He took his family to safety in Europe and came back to his hospital a few months later, in January 2013, more determined than ever. It was a king’s welcome! The population of Bukavu had come to wait for him at the airport and escort him back to the hospital with chants and traditional dances.

Since his return, Dr Mukwege lives on the hospital premises with a round the clock security details. His new circumstances often make him feel like a prisoner but he knows that it is part of the world he lives in.

Dr Mukwege continues to travel and shed light on the barbarity of the war on his country and in other parts of the world. In addition to the Panzi Hospital Foundation, which supports the functioning of the South Kivu facility, the doctor turned humanitarian is actively involved in an international human rights organization bearing his name, The Dr. Denis Mukwege Foundation. Created in 2016, the Foundation has for objective to end the use of sexual violence in conflicts around the world.

The Congo war is said to be the longest humanitarian crisis in history and the deadliest conflict worldwide since World War II, with more than 6 million deaths and countless victims of sexual crimes, including children.

In his autobiography, ‘Plea for Life’ (‘Plaidoyer pour la vie’), released in 2016 explained how distressing it is for him to the war to have gone on so long he, was now operating the daughters of some of his earlier patients.

Still, he won’t give up or give in to pessimism. He knows that a war is started by men and can also be ended by men. If they really want it.

His unyielding engagement and dedication has earned him several international prizes and accolades. In 2008, he received the United Nations Human Rights Prize, the Daily Trust African of the Year Award, and the Olof Palme Prize of Sweden. In 2011, he received the Clinton Global Citizen Award for Leadership in Civil Society, an award created by the former US President Bill Clinton to recognize extraordinary individuals who have demonstrated visionary leadership in solving pressing global challenges. In 2013, he was awarded the Right Livelihood Award and in 2014, the prestigious European Union Parliament’s Sakharov Prize for Freedom of Thought, which honours individuals and groups of people who have dedicated their lives to the defence of human rights and freedom of thought.

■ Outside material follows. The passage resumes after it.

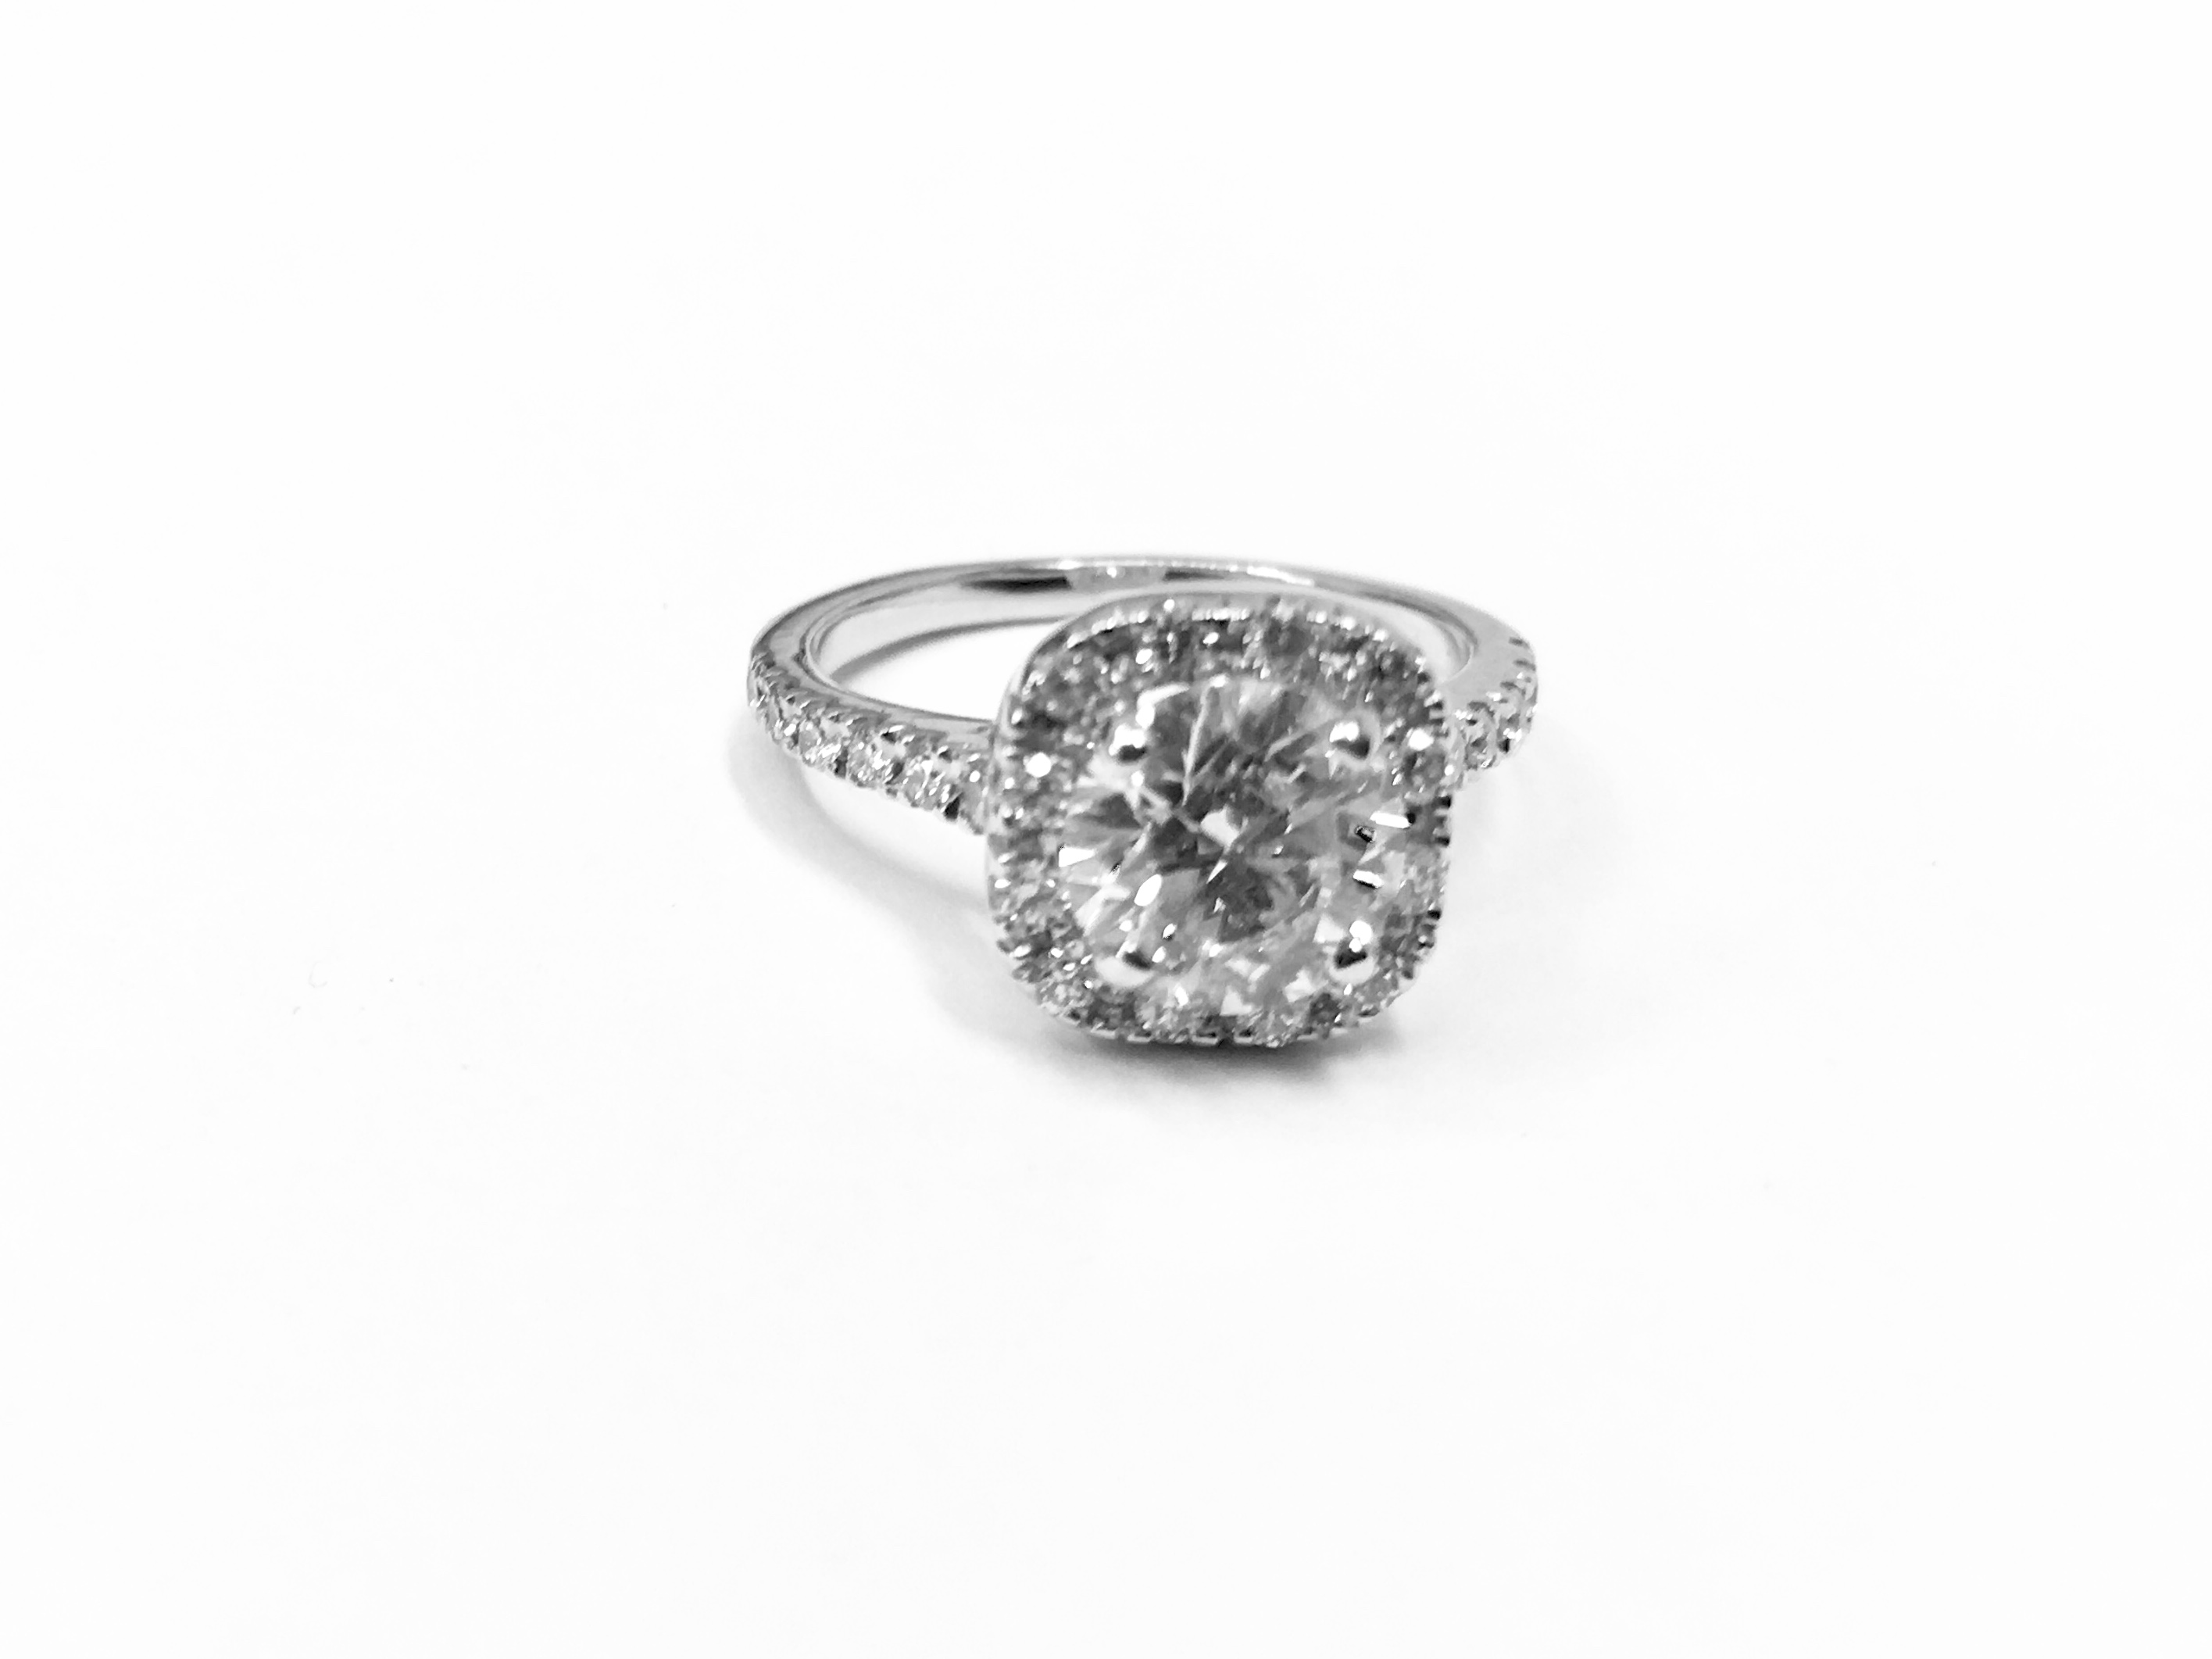 1.25ct diamond halo ring set in 18ct white gold - Image 4 of 24

Dr Mukwege was awarded several honorary degrees, including an Honorary Doctorate of Laws from the University of Winnipeg in 2014, in recognition of his role as an international voice for victims of sexual violence, his dedication to improving the lives and status of women, and his commitment to bringing peace to his country, an honorary Doctorate of Science from Harvard University in 2015 and an Honorary Degree of Doctor of Medicine from the University of Edinburgh in Scotland in 2017.

In 2016, the famed gynecologist won the Seoul Peace Prize, his name was included on the list of Time magazine’s 100 Most Influential People in the world and was nominated for the Nobel Peace Prize. Yes!

Despite all these awards and degrees honoris causa, I am confident to state that his most prestigious prize is not monetary and doesn’t have a special name. It is the friendship that ties him to the women he has known through his work at Panzi. After the 2012 assassination attempt o his life, and his return to live in Bukavu, the women in his community vowed to be his best bodyguards. He knows they have no weapons and no means to fend or him, but their affection comforts him in this difficult path the war has forced then – his patient and him – on.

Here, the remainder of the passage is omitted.